Should I invest in a professional videographer to properly film and edit this very piece, in order to draw more online attention to my own work, both as a writer and performer or should I donate it to one of the many charities you championed during your lifetime?
When buying gloves should I purchase only one, so that the storeowner may give the second to a one-armed orphan found-shivering through winter…outside a sweatshop…in Antarctica? Should I buy the poster of you and the Jackson Four, your delightfully ghoulish zombie-wolf character from Thriller, or the shot of you sun-shielded umbrella covered coming out of court?

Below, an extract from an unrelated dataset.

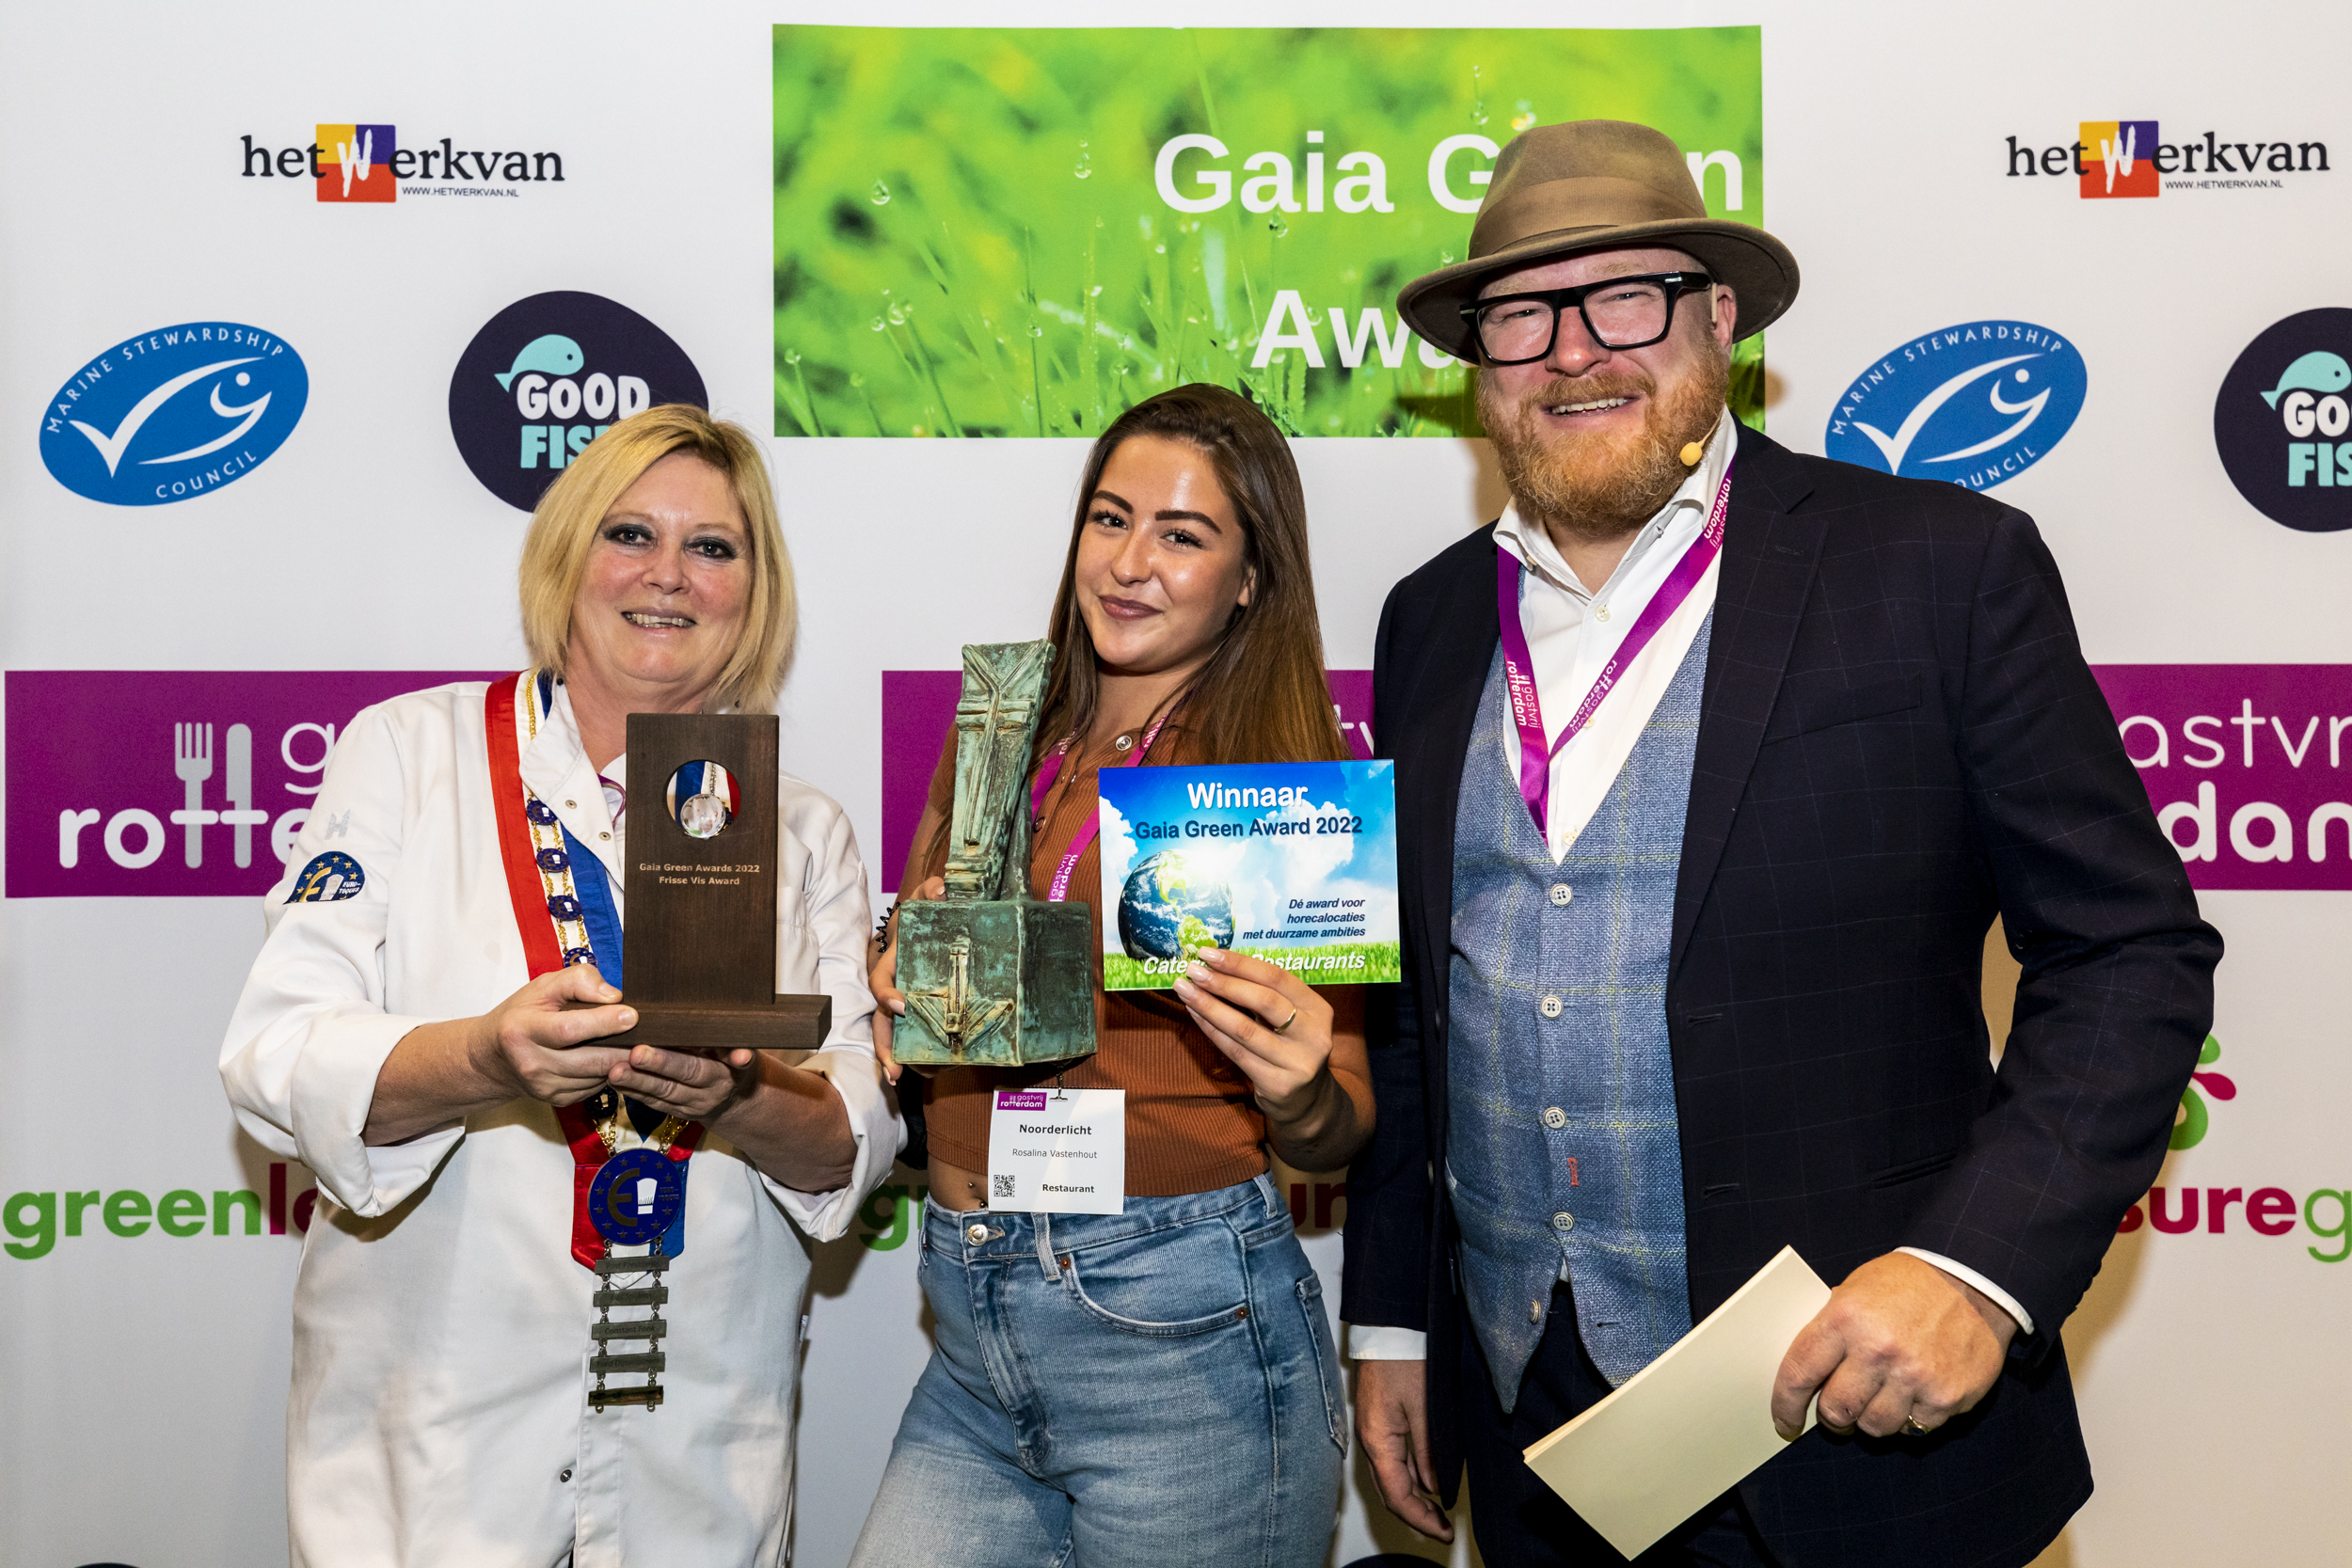 Meld je duurzame horecalocatie aan voor de Gaia Green Awards 2023

More importantly should I TIVO you on Access Hollywood, watch MTV, TMZ, BET, VH1 or should I stay glued to CNN torn between grieving for you, Farrah Fawcett and Sky Saxon, frustrated and annoyed at Anderson Cooper for not telling me what’s really happening in war-torn Iran, the latest missile launching in North Korea and the state of our troops in Afghanistan? How are we supposed to Heal the World when our biggest band-aid is gone?
I certainly couldn’t afford it, but would you pay upwards of 2000 dollars for a ticket to your own funeral, (cuz that was the asking price outside the Staples Center in Downtown LA. Kudus to Ebay who made it stop when enough was enough, pulling away pass-away passes off their site, but shame on so many other online hubs still selling tickets to your upcoming tour, which at this point (but you tell me) I don’t think you’re really up for.
Just a thought, a morbid one at that, but did you sacrifice your own life to help stimulate the economy during these tough financial times or were you covertly assassinated by the true shareholders of your oeuvre of music and merchandise? Perhaps your still alive, cleverly disguised outside Grohman’s Theater in Hollywood posing as an impersonator of yourself, assuring all profits go directly to you?
Whichever it may be, I just hope heaven or wherever you are is a forvever-ever land of dancing, singing, and playfulness, an eternal childhood where You Are Not Alone and the only currency is measured in reams of rhythm, made from the purest of love and understanding. We miss you Michael. ABCeeya on the other side.